Exercise description: Pull out every line from the line containing "ProfesoradoLLC_COMYPRO_Svensson_M3-Clase 2" through the end of the material, both ends included, and reproduce it exactly. Keep pictures out.

Data extract:
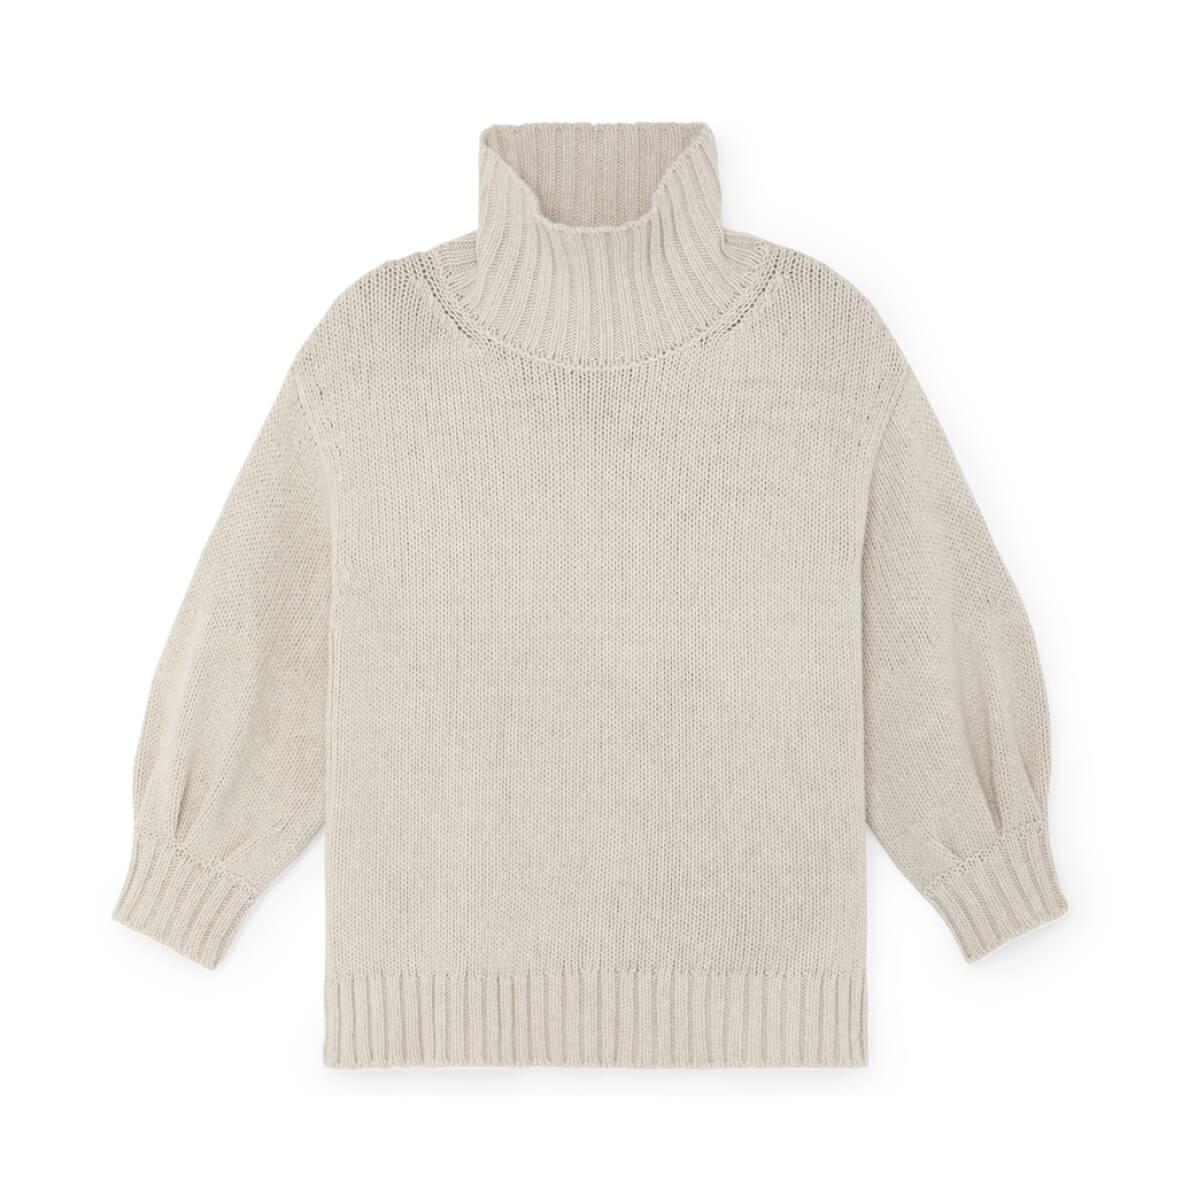 G.Label Evangelyn Puff-Sleeve Sweater
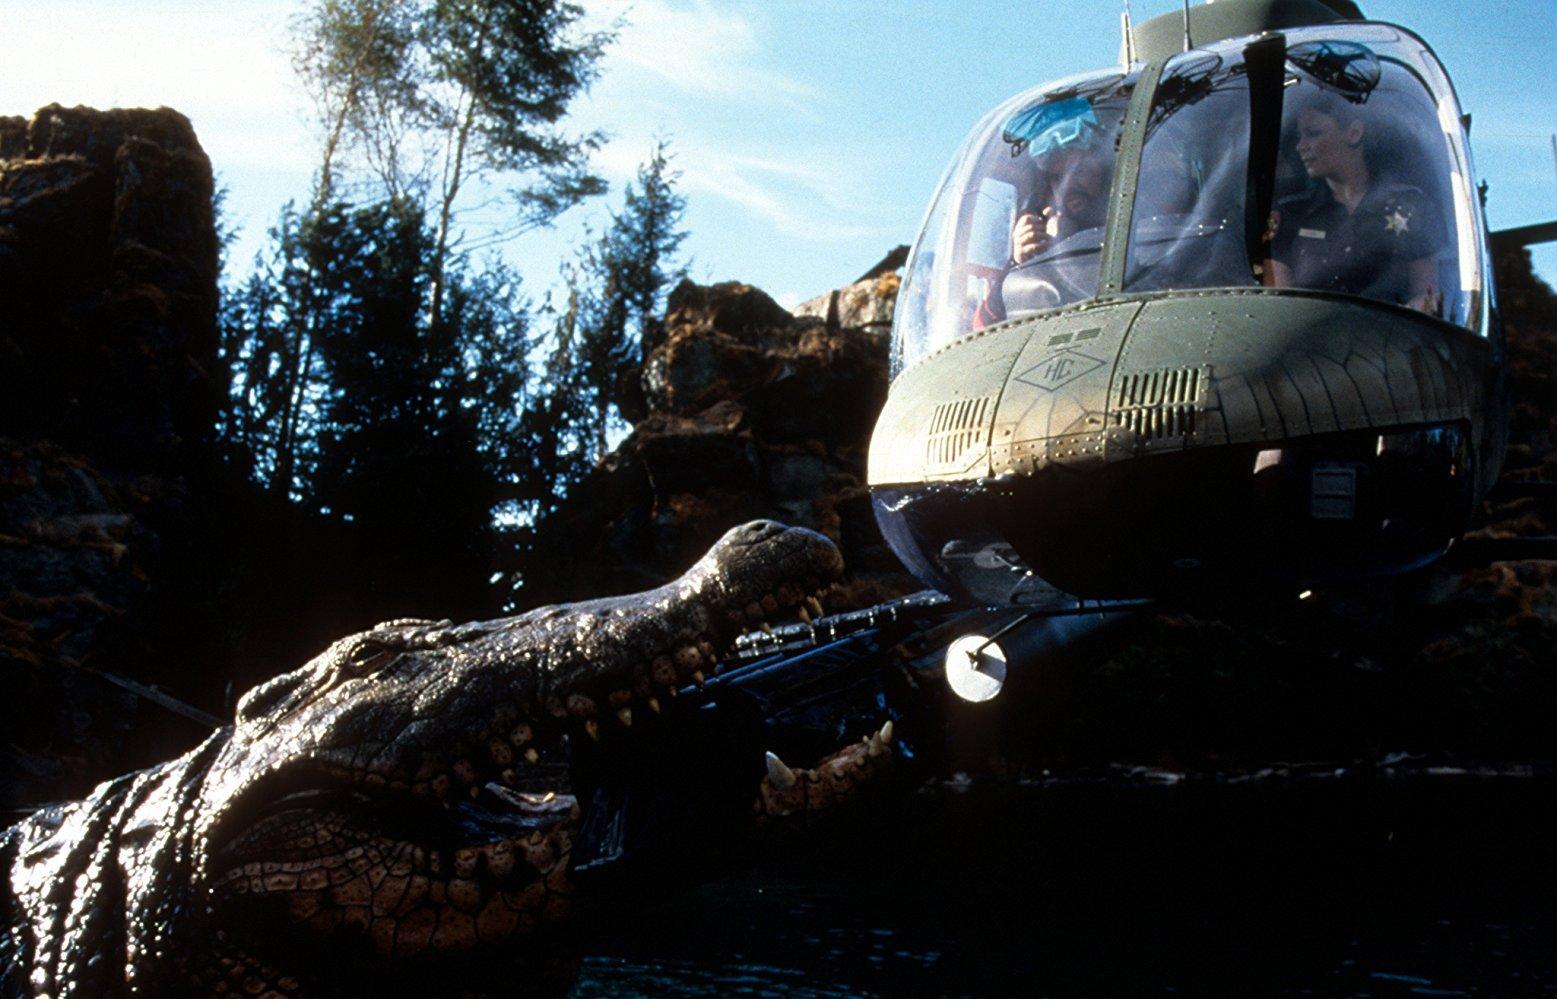 Giant crocodile vs helicopter in Lake Placid (1999)
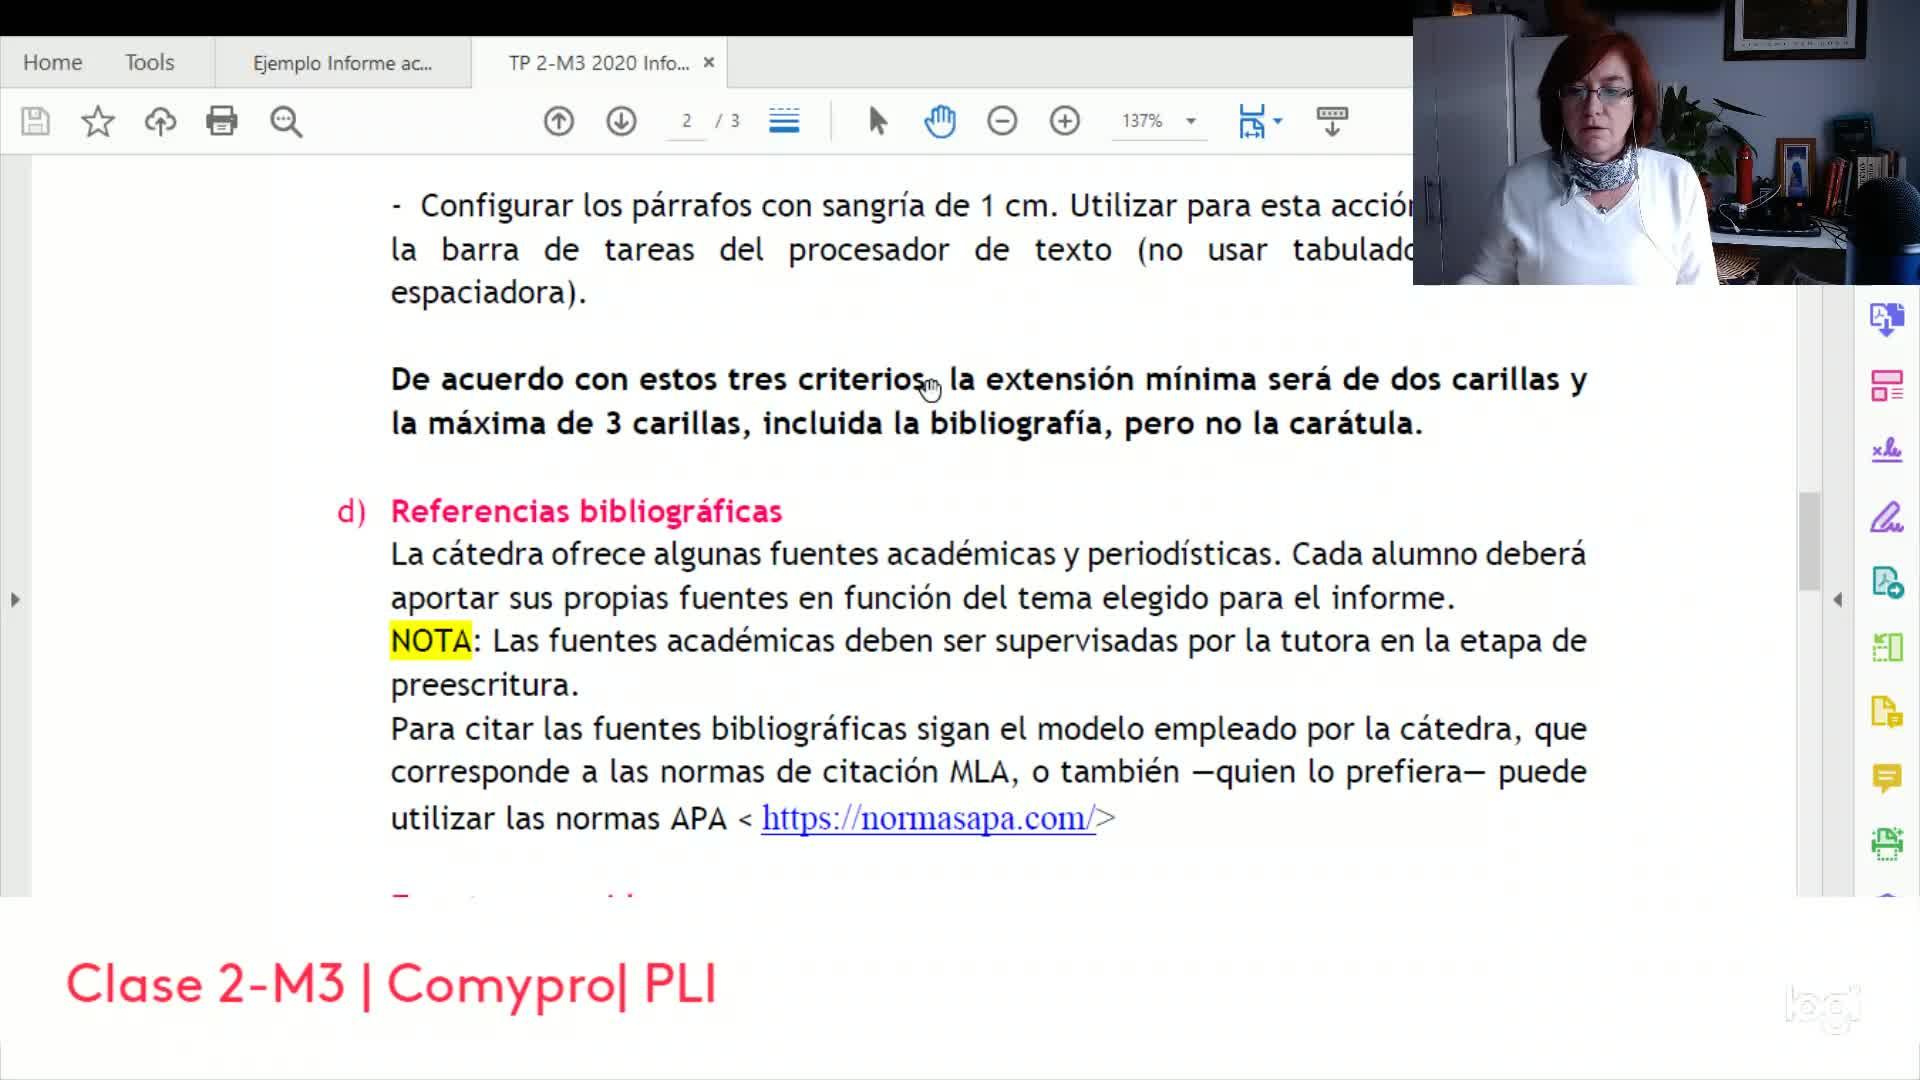 ProfesoradoLLC_COMYPRO_Svensson_M3-Clase 2
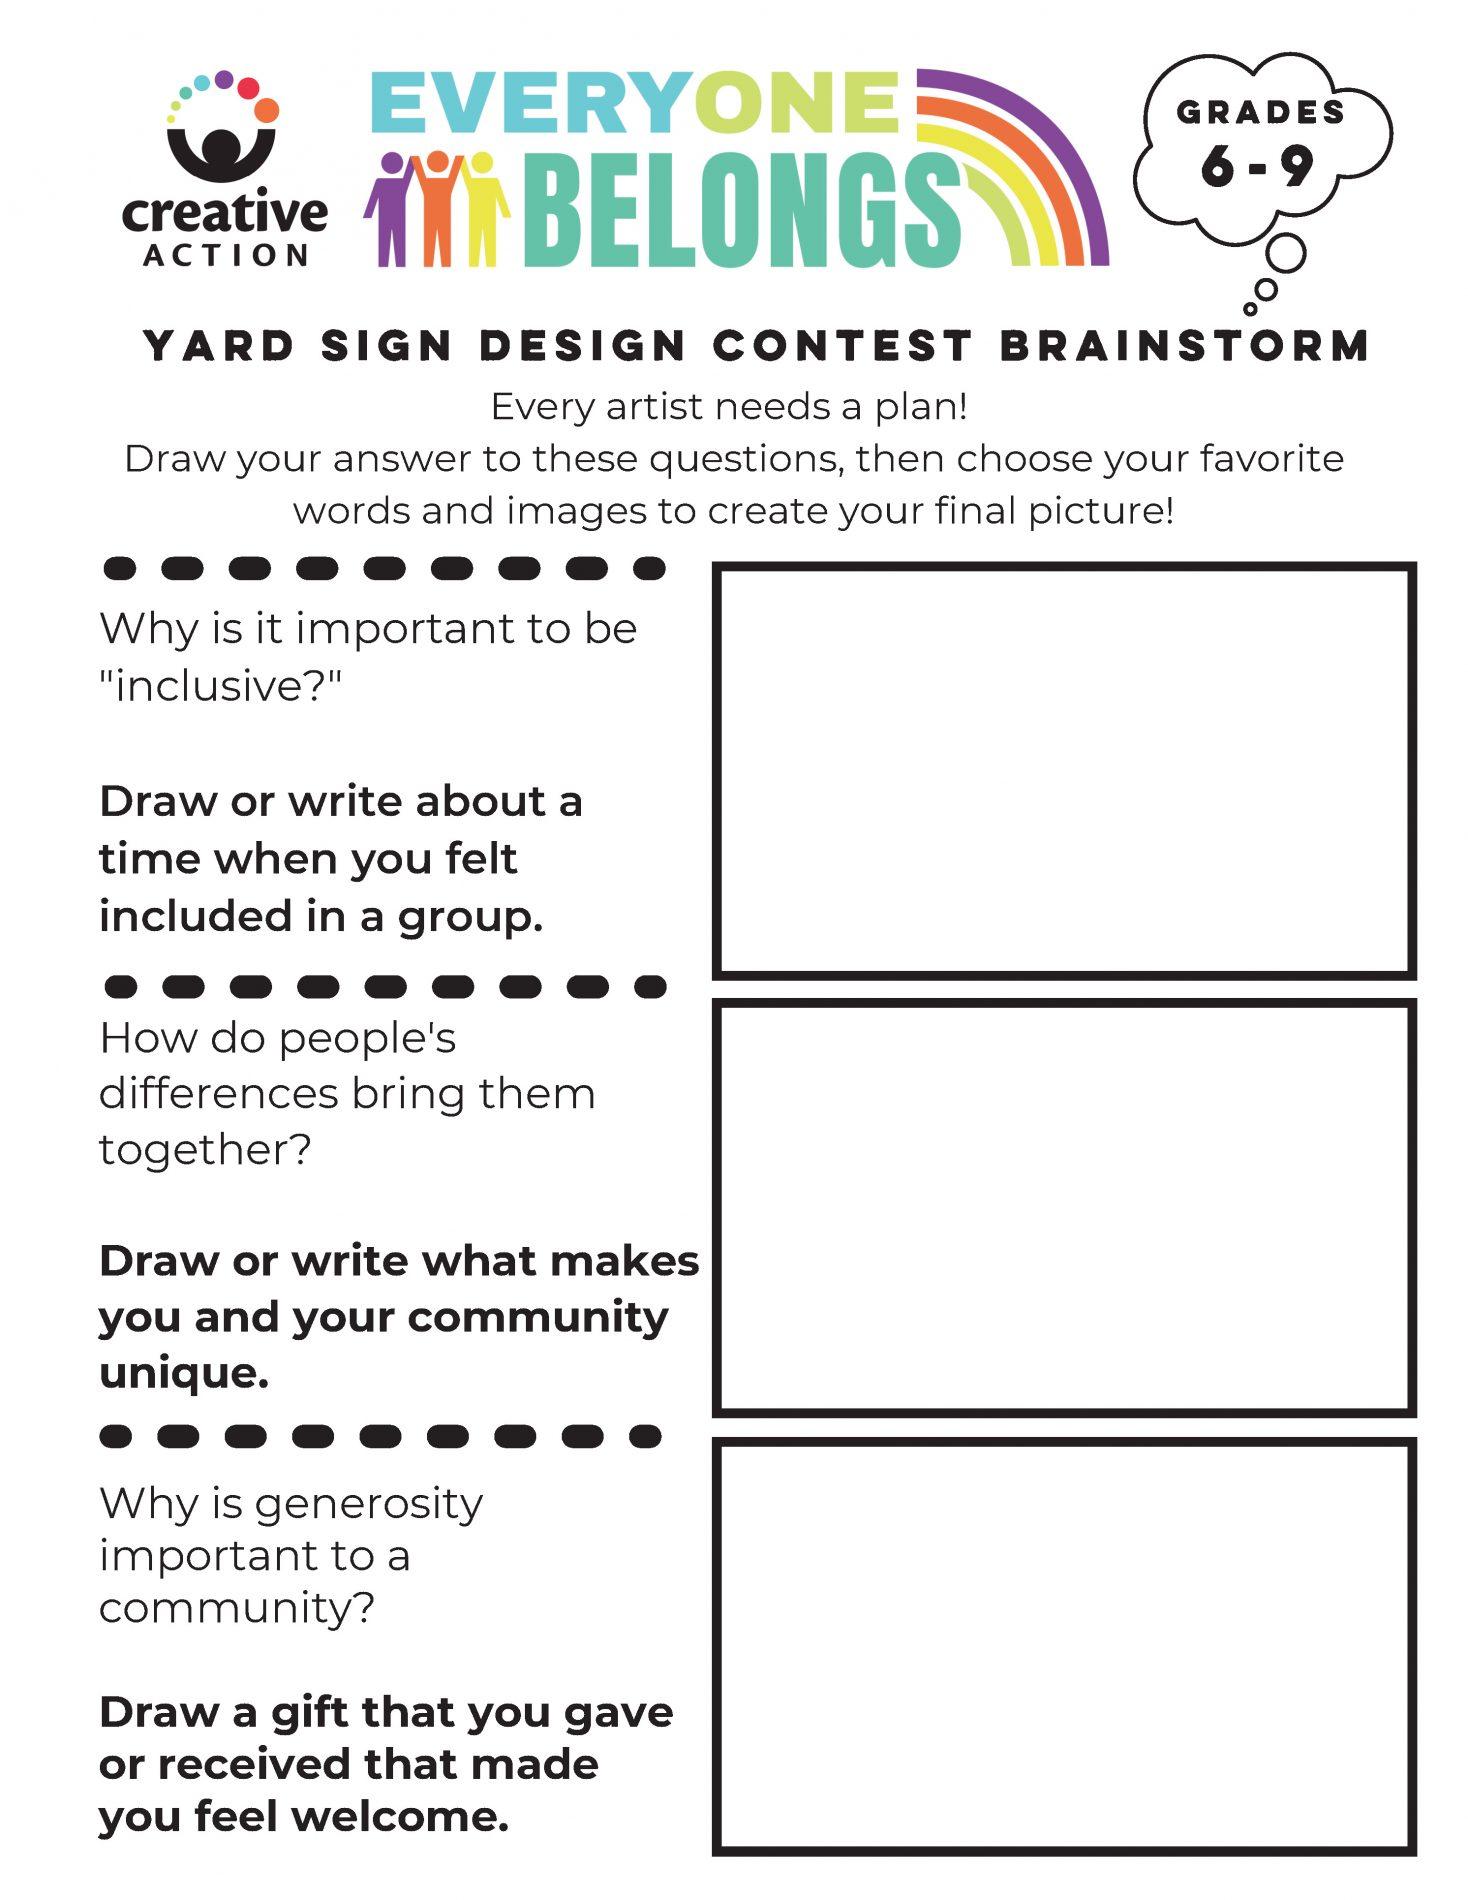 Brainstorm your yard sign design worksheet for 6th - 9th grades

Answer to this task:
 ProfesoradoLLC_COMYPRO_Svensson_M3-Clase 2
 Brainstorm your yard sign design worksheet for 6th - 9th grades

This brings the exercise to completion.